T. kok-saghyz latex contained five dominant protein bands, three of which were also observed in T. officinale. N-terminal sequencing by Edman degradation showed that the matching bands shared the same N-terminal peptides, strongly indicating that they are structurally and functionally conserved. The peptide sequences were used to isolate corresponding PPO genes and cDNA sequences, which were named ToPPO-1 and TkPPO-1. The genes encode proteins with two copper-binding motifs found in many other PPOs. Further analysis confirmed that three of the proteins, MLPa, MLPb, and MLPePPO, are generated by proteolytic cleavage of ToPPO-1/TkPPO-1, with MLPb comprising the tyrosinase domain, MLPa comprising the C-terminal domain, and MLPePPO comprising both (Fig. 2). Proteolytic processing of many other PPOs has been described, such as the PPO enzymes found in broad bean leaf (Vicia faba; Robinson and Dry, 1992), grape (Vitis vinifera; Rathjen and Dry, 1992), and coffee (Coffea arabica; Mazzafera and Robinson, 2000). More recently, Flurkey and Inlow (2008) analyzed specific proteolysis target sequences in fungal and plant PPOs and showed that N-terminal proteolysis sites were located immediately upstream of a conserved Arg residue, whereas C-terminal proteolysis sites were located downstream of a conserved Tyr residue. The same amino acids are present in ToPPO-1 and TkPPO-1 (Supplemental Fig. S1A), so a similar proteolysis mechanism is probably involved.

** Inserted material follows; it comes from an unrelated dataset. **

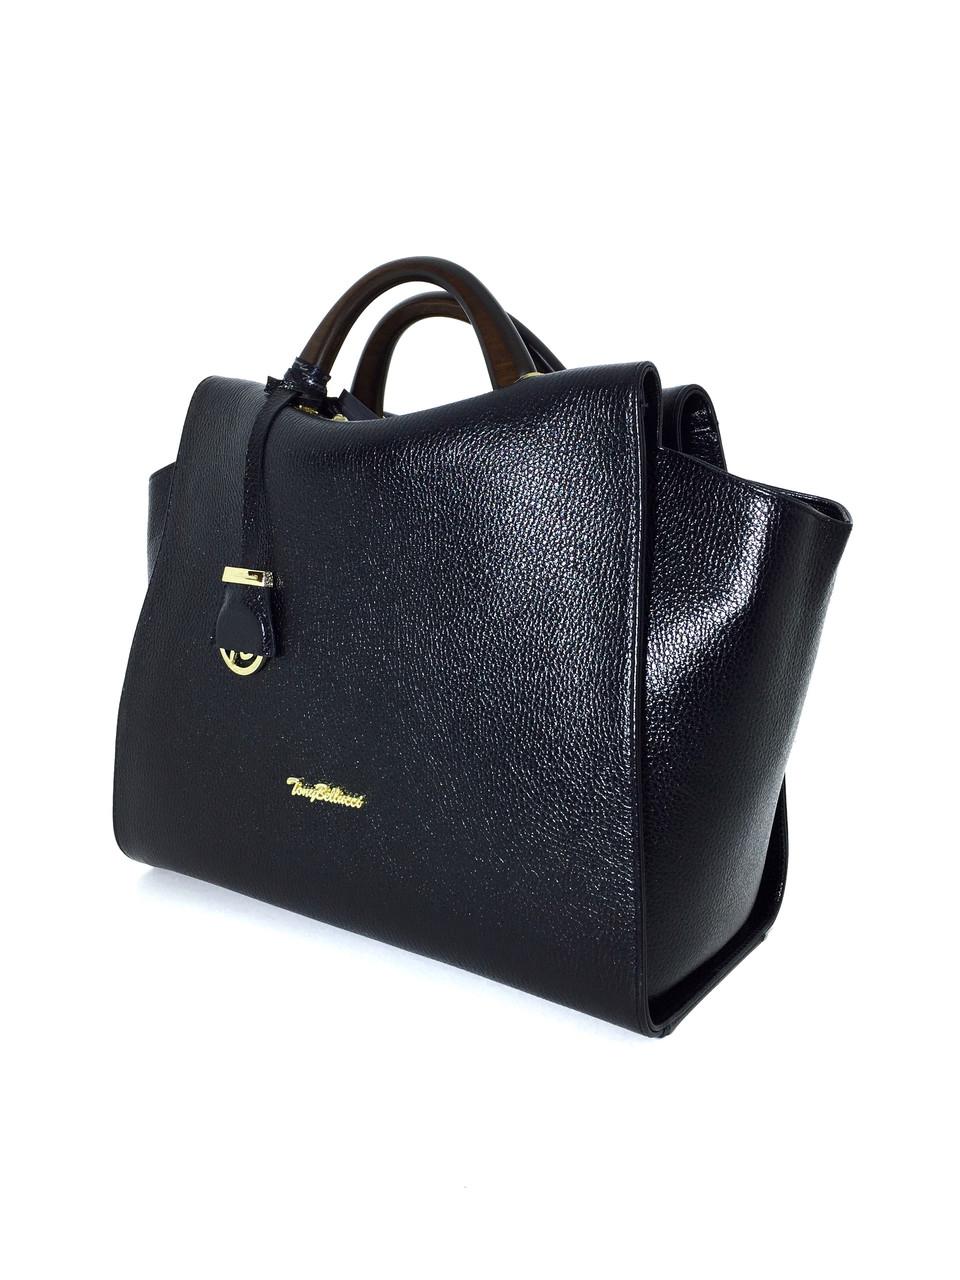 cca6ac391727 S-00-97 Сумка женская Tony Bellucci кожа натуральная, черная, цена 3 184  грн., купить в Херсоне — Prom.ua (ID#847010624)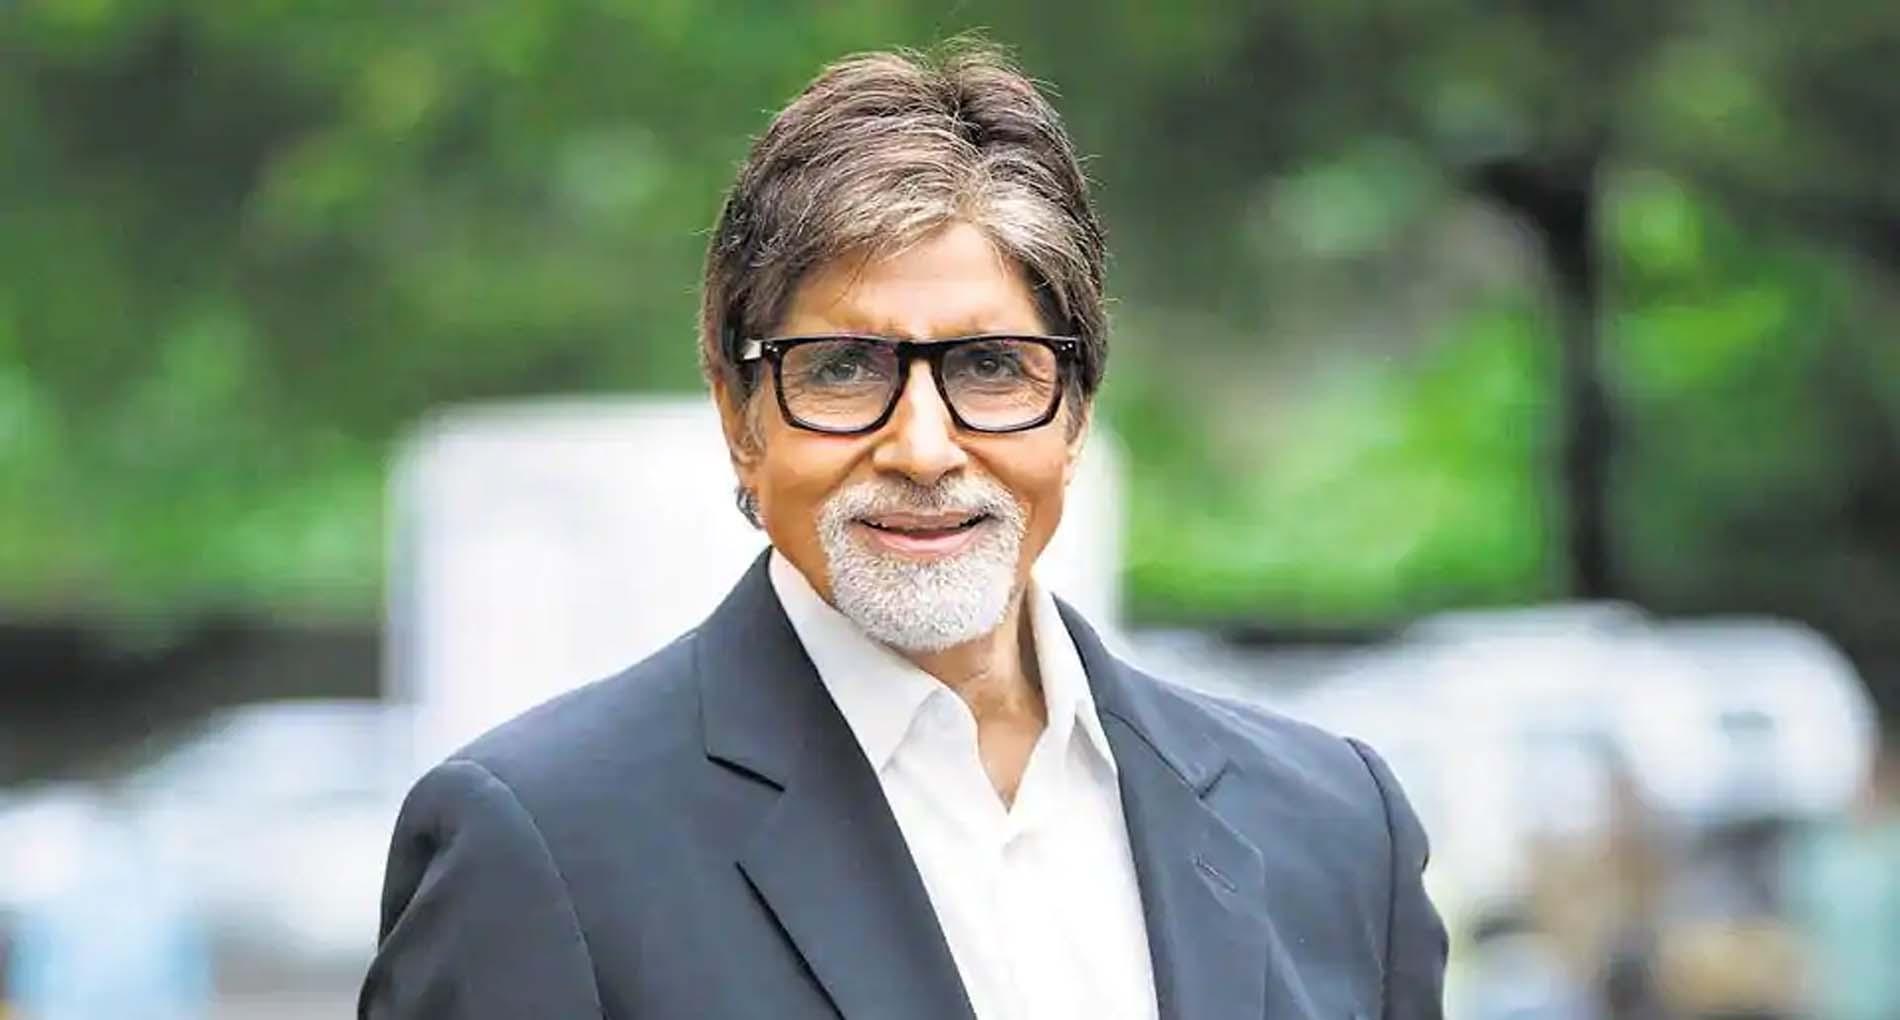 अमिताभ बच्चन ने शेयर किया ये शानदार वीडियो, किया जा रहा है खूब पसंद, देखें Video

Transgenic T. officinale plants expressing GUS under the control of the ToPPO-1 promoter showed that PPO-1 expression is restricted to laticifers, which are characterized by an articulated anastomosing cell structure (Esau, 1965) similar to those found in opium poppy (Papaver somniferum; Thureson-Klein, 1970). However, in cross sections of transgenic petioles, clear histochemical localization of GUS activity to the laticiferous system was not possible because of the rapid diffusion of the metabolized GUS substrate after wounding. Therefore, additional studies were performed, including RT-PCR experiments, GUS staining of intact laticifers in longitudinal petiole sections, and direct detection of GUS activity in latex. Both PPO-1 mRNA (Fig. 4A) and GUS activity in transgenic plants (Fig. 4, B, C, E, and F) were exclusively detected in the latex, indicating strict laticifer-specific activity of the corresponding promoter elements. In contrast, the transcription of three key genes of the benzylisoquinoline alkaloid biosynthetic pathway in opium poppy was shown to be restricted to the parietal region of sieve elements adjacent or proximal to laticifers, even though the products of this pathway accumulated specifically in the laticifers (Bird et al., 2003). A similar situation cannot be excluded for ToPPO-1 and TkPPO-1 mRNAs, so further experiments involving immunofluorescence labeling and/or in situ hybridization are needed to gain further insight into dandelion PPO-1 gene expression.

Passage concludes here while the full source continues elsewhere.